Python日常-难啃的论文

作者: JianlingZhou | 来源:发表于2017-02-10 21:11 被阅读984次

Python日常-难啃的论文
聊一些鲜为人知但有趣的Python特性，附案例
难啃的书
难啃的骨头
难啃的评价这样啃如何？
《思考，快与慢》思维导图（下）
每一次坚持，都是一种看不见的进化
漫无目标的假学习者
昱言（96）｜啃骨头
难啃的孤独、更难啃的是心境

剧情

这两天在看论文，密密麻麻的英文，各种专有名词，看得很头痛。借助谷歌翻译可以辅助理解（其实谷歌翻译得挺不错的），就是用谷歌翻译的时候遇到了一点麻烦，见下图。

PDF格式的论文里文字选中的时候是这样的：

论文选中

复制到记事本上是这样的：

可以看到：

很多单词被截断，中间用‘-’进行连接。
完整的文本中间全是断行。也就是说，在ASCII码里有很多 ‘\n’ ，直接复制到Google的话，每一个'\n'之前的文本都会当做一个句子去处理。

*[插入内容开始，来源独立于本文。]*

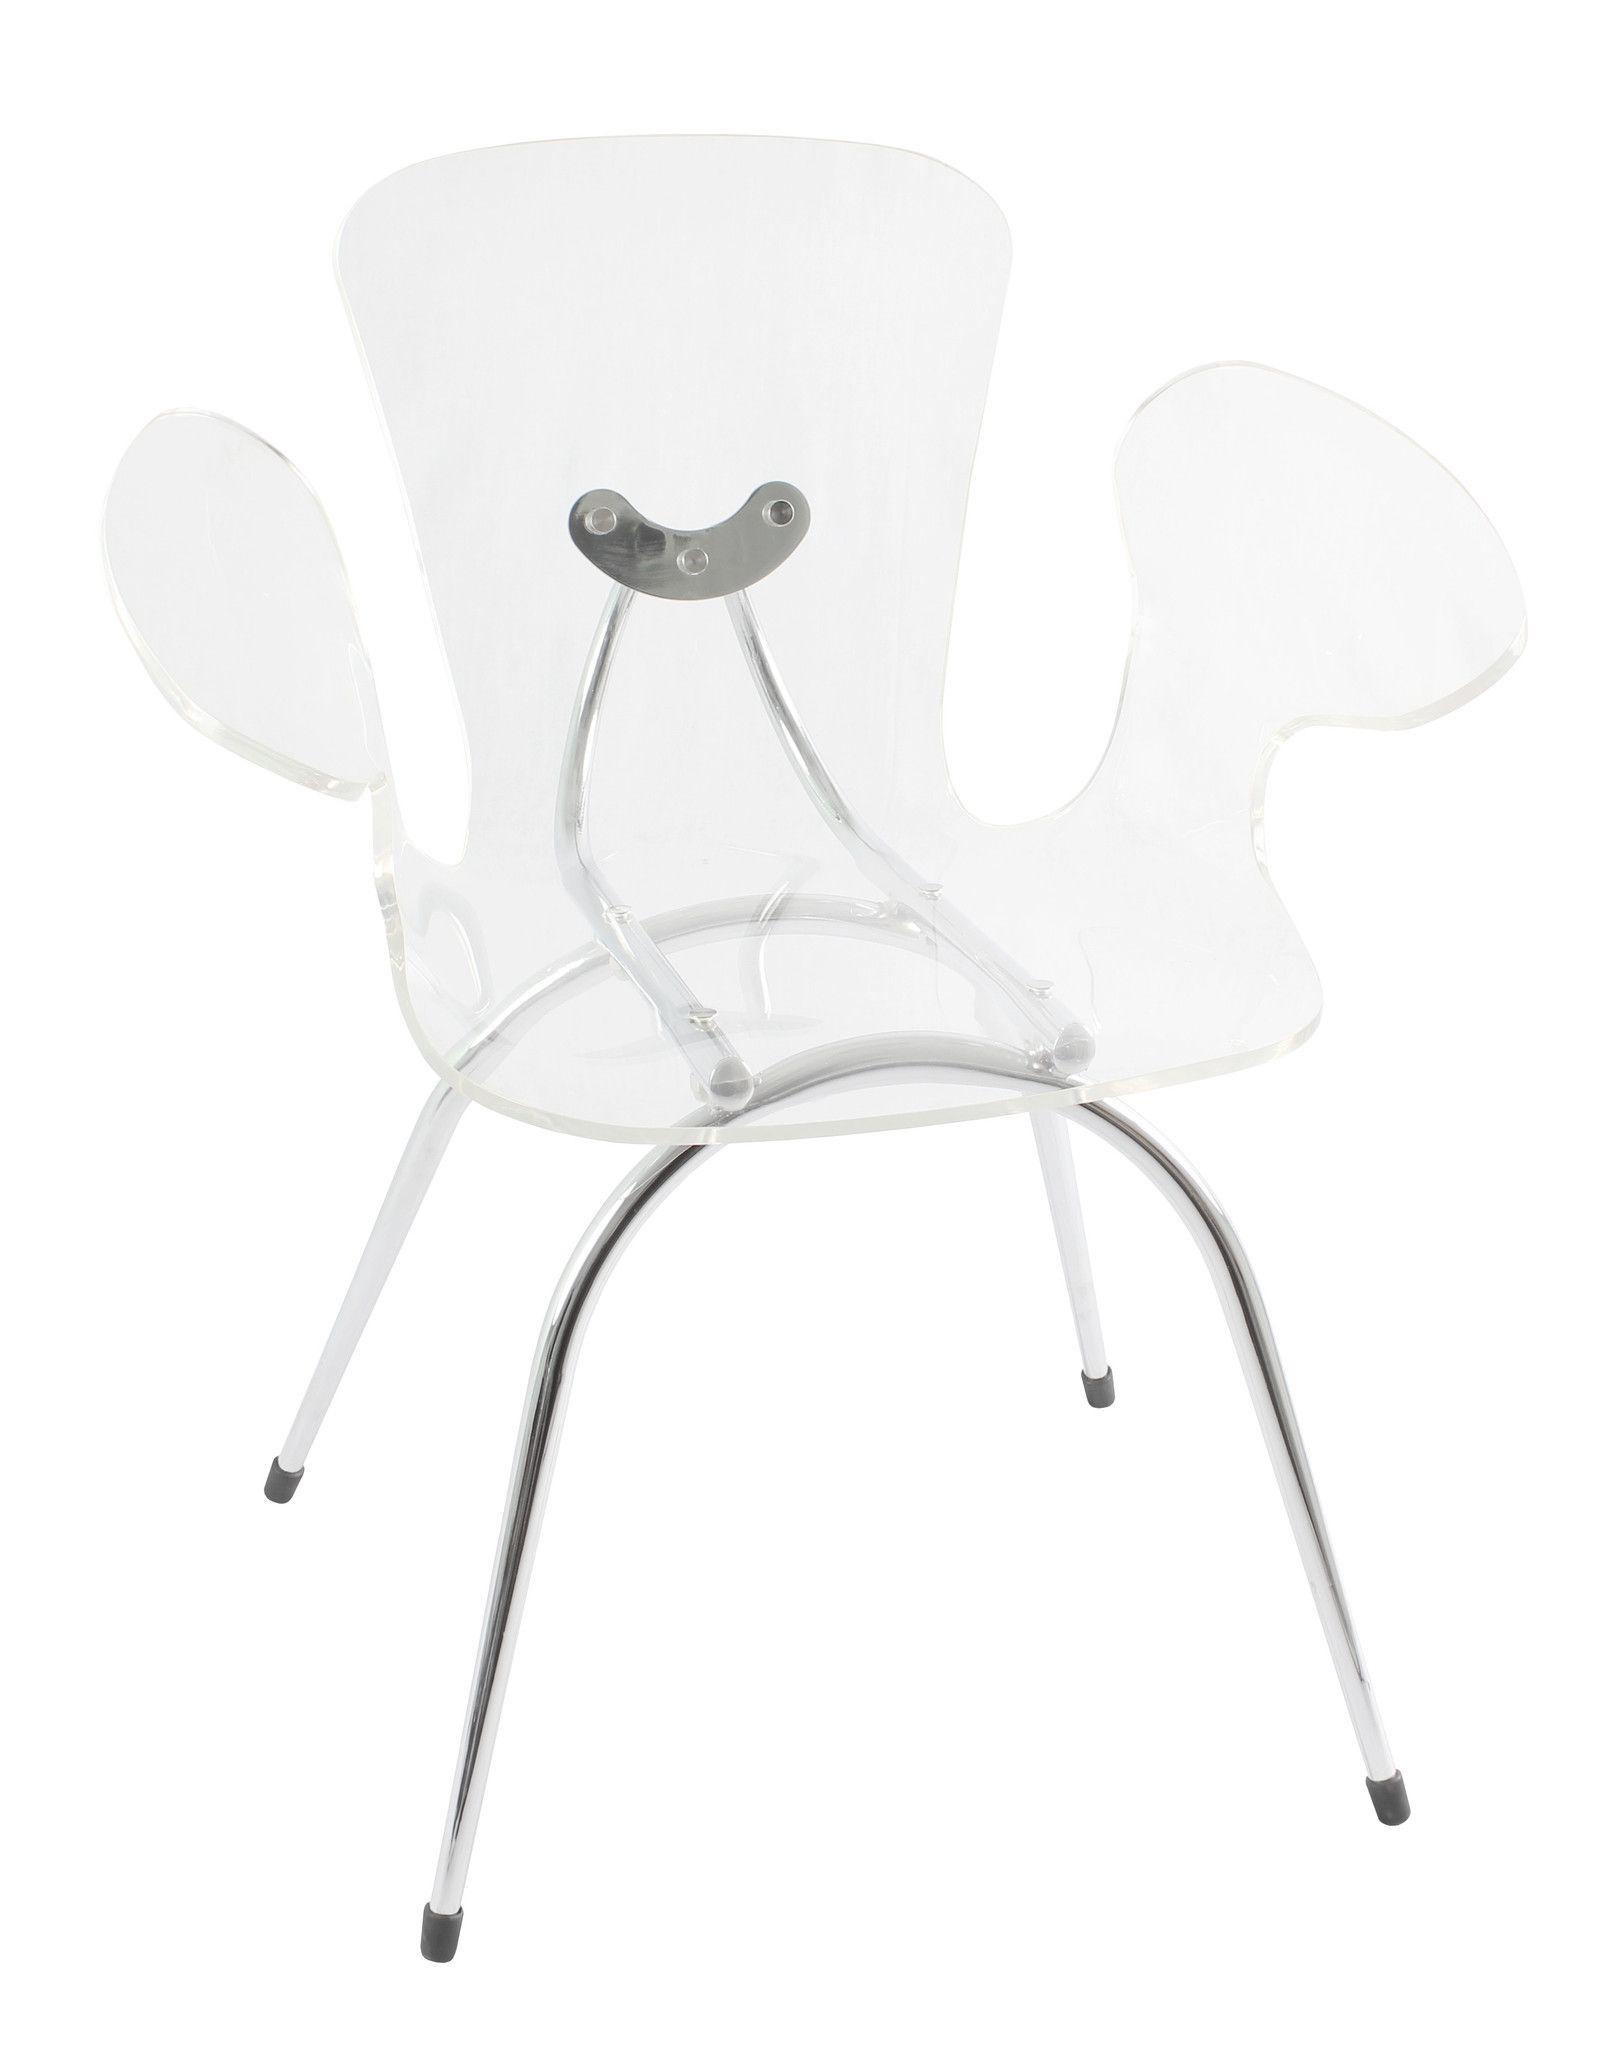 Transparent Arm Chair | Home, Decoration, Dream house... | Pinterest

这样翻译效果就很差。需要手动一个个把断行给接起来。理想效果是这样：

理想效果

论文里估计有几百行近千行，这样一行行地按Backspace键既乏味又蠢，对于一个程序员是不可忍受的。然后我就想搞一个Python脚本去处理。

开始动手

思路很简单：

先找一个pdf处理库，把文字提取出来
然后进行字符串增删操作，把断句连起来
把生成的文本调用Google API翻译出来，或者模拟浏览器访问 http://translate.google.cn ，把翻译结果拿回来

先去Github搜索： python pdf process，结果如下：

第一个结果里依赖项太多了。而且列表里也没啥好的库，我怀疑关键词是不是错了，就换成： python pdf extract。后来就找到了slate这个库。后来又发现slate这个库完全是基于pdfminer这个库做的，我干脆就直接用pdfminer了。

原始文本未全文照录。